• The purpose of this study was to analyze how different types of military training and military work experience impact the hiring of veterans compared to comparable civilians. This research involved sending fictitious resumes with and without military experience to real job advertisements.
• Kleykamp found that veterans were called back at the same or higher rates than nonveterans when their military experience was highly transferrable.
• Veterans who served in combat arms positions had lower callback rates than those who had administrative military experience. Employers treated veterans without transferable civilian skills less favorably during the hiring process than nonveterans with administrative experience. However, African American and Hispanic veterans with administrative experience were called back at slightly higher rates than their civilian peers.
• White and Hispanic veterans serving in the combat arms were called back for an interview at higher rates than their African American peers.
“This article examines the effect of prior military service on hiring for entry-level jobs in a major metropolitan labor market. The research employs an audit method in which resumes differing only in the presentation of military experience versus civilian work experience are faxed in response to an advertised position.

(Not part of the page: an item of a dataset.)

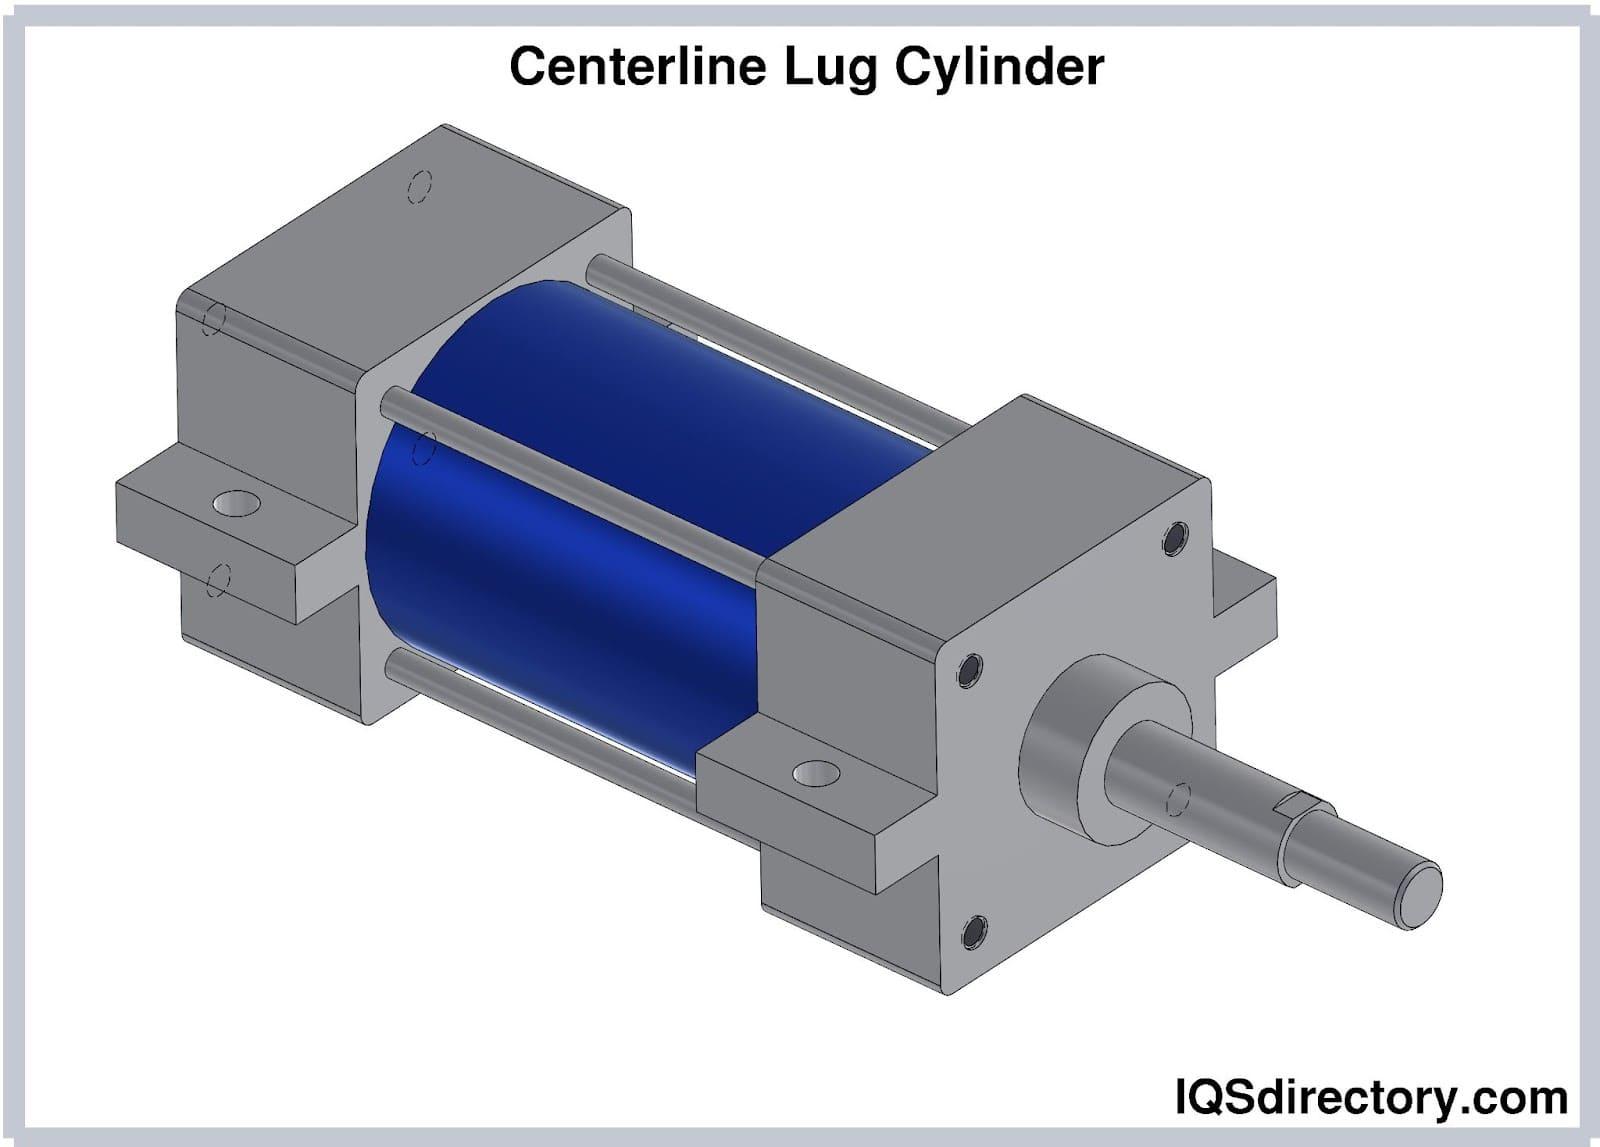 Centerline Lug Cylinder

Results suggest that employers exhibit preferential treatment of black military veterans with transferable skills over black nonveterans. Veterans with traditional military experience in the combat arms do not experience preferential treatment by employers, regardless of racial/ethnic background. These findings suggest a possible mechanism generating the post military employment benefit among blacks found in prior observational studies. A veteran premium in hiring may stem from the concentration of blacks in military occupational specialties with a high degree of civilian transferability, combined with employer preferences for military veterans with such work experience over their nonveteran peers.”

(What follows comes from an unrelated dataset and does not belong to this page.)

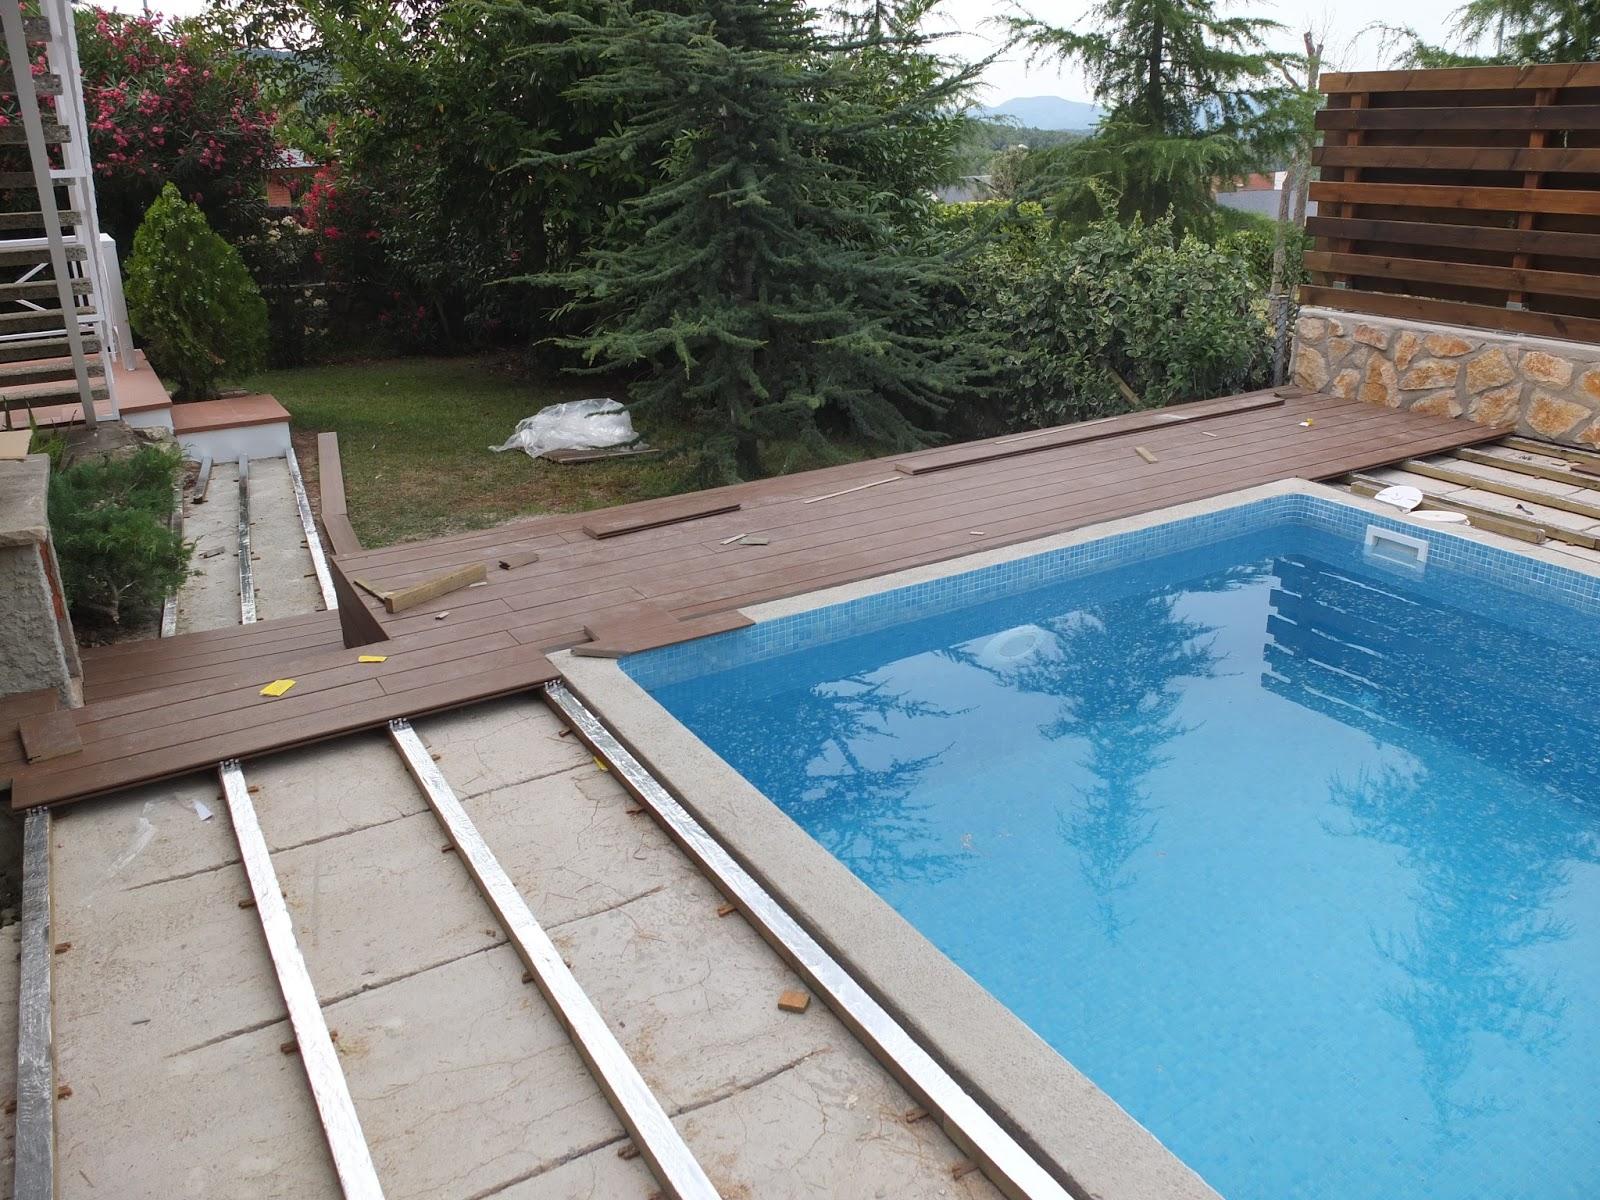 Opemho sl piscina con suelo de madera sintetica y valla en pino - Vallas de madera para piscinas ...

To prepare themselves for the civilian job market, veterans should work with a career counselor to identify the attributes, skills, and experiences they could bring to an organization, especially those who served in the combat arms, with less direct transferability to civilian jobs. The results of this study imply that many of the skills attained during military service can greatly impact the civilian sector, including work ethics, time management, effective communication, and teamwork, when veterans have clearly transferrable military occupations. Veterans who served in less transferrable specialties should take advantage of re-training or education opportunities to improve their employment opportunities. Military recruiters should discuss potential transferable skills with potential recruits. To ensure employers maximize the unique skillset and experiences many veterans possess, employers should consider partaking in opportunities to learn more about veterans in the civilian workforce and what they can offer employers. Learning more about veterans’ skills can add great value to the civilian workforce. For example, veterans with combat experience have been shown to be excellent entrepreneurs because of their propensity for risk-taking. Local networks, such as the Greater Philadelphia Veterans Network (GPVN) have been helped connect qualified veterans with perspective employers. Other local networks serving veterans should consider helping connect recruiters and perspective employers with qualified veterans. Firms aiming for more veteran-friendly hiring practices should familiarize themselves with the 100,000 Jobs Mission. The 100,000 Jobs Mission has been integral at helping connect veterans of all military backgrounds to some of the top U.S. companies.

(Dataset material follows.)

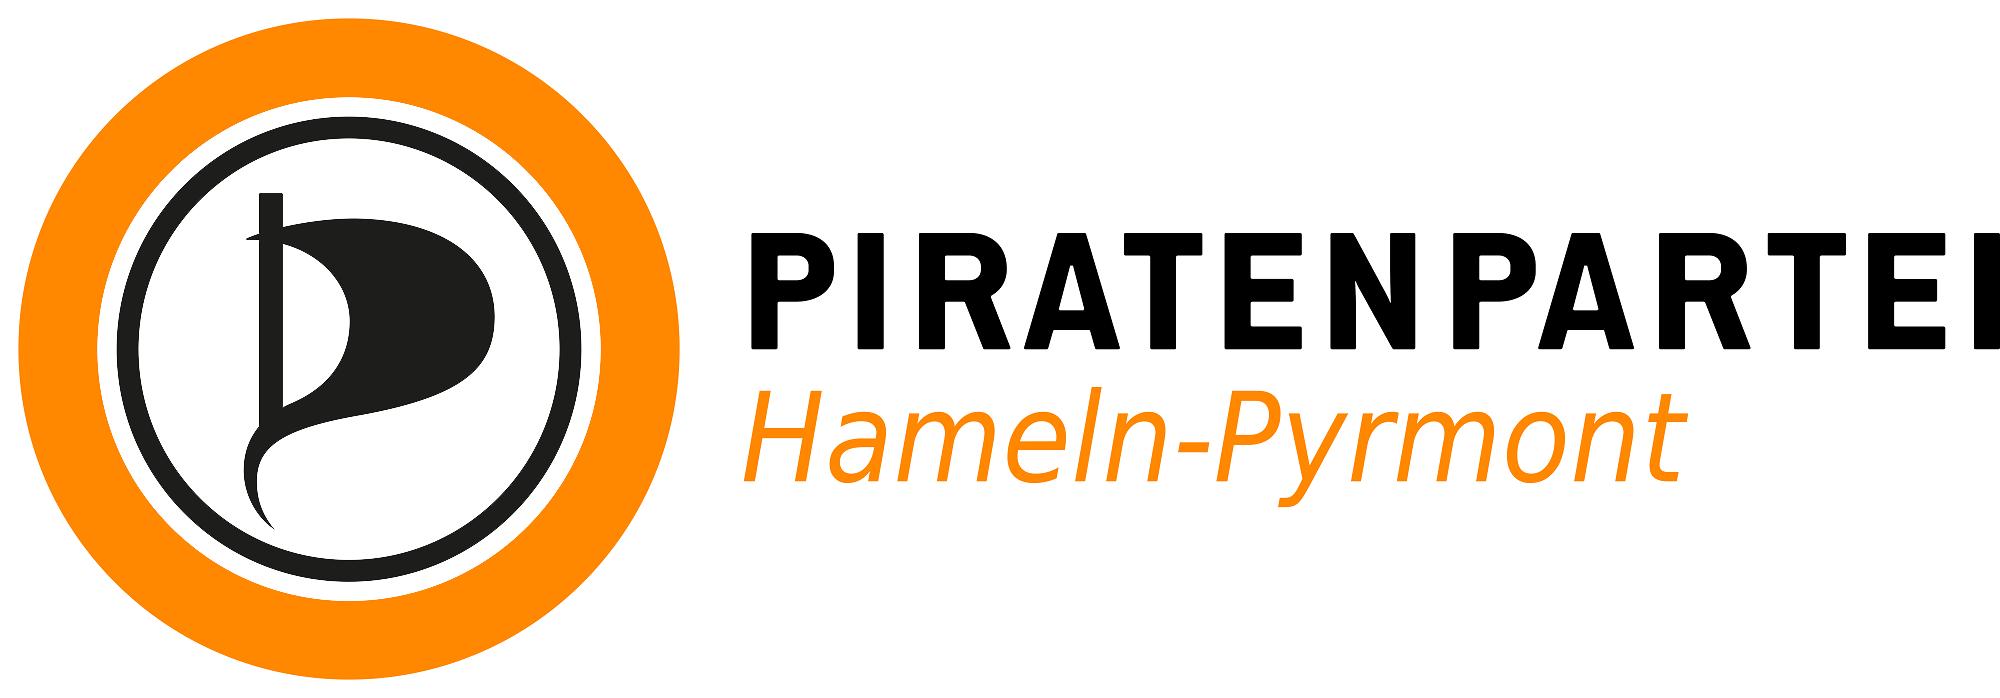 Logo der Piratenpartei Hameln-Pyrmont

The Department of Defense (DoD) and the Department of Labor (DoL) might be proactive in augmenting the skill development and hiring prospects for all veterans. Since many civilian employers view military service as a high-quality human capital investment, and are eager to hire veteran candidates, the DoL and its Transition Assistance Program (TAP) might further educate veterans on how to translate military skills and expertise into marketable skills for the civilian workforce. Since veterans with fewer or no transferable work experience, such as those in combat arms positions, generally experienced less favorable hiring treatments, the DoD and the DoL might collaborate to help these veterans attain more transferable skills or become business owners. For example, since veterans in combat roles are known to be effective risk-takers, the DoD and the DoL might provide information to veterans on entrepreneurship. Since National Guard and Reserves service members often experience difficulty finding civilian employment upon return from active duty, the DoD and the DoL might create an advocacy body to help educate perspective civilian employers on the many skills and talents of members who have served in the National Guard and Reserves.
For Future Research
This study highlights the need for further research on the National Guard and Reserves, particularly their deployment and transition experiences. Since some previous studies have found that National Guard and Reserves service members often experience distinct discrimination, future studies on this population should document the hiring process and workplace treatment. Understanding workplace treatment is especially important given that many National Guard and Reserves members have deployed to active duty. A limitation of this study is that gender was not included in this analysis. Given that hiring experiences can differ for men and women, it is critical that future studies examine veteran hiring practices by gender and different military roles. Another limitation of this study is that the overall callback rates were low. To allow for more confident and statistically significant findings, future researchers should strive for higher callback rates or conduct studies at a larger scale. Given that Hispanic veterans have a unique experience with civilian hiring, future research is needed to understand why there were major differences in hiring between Hispanics and the rest of the survey participants.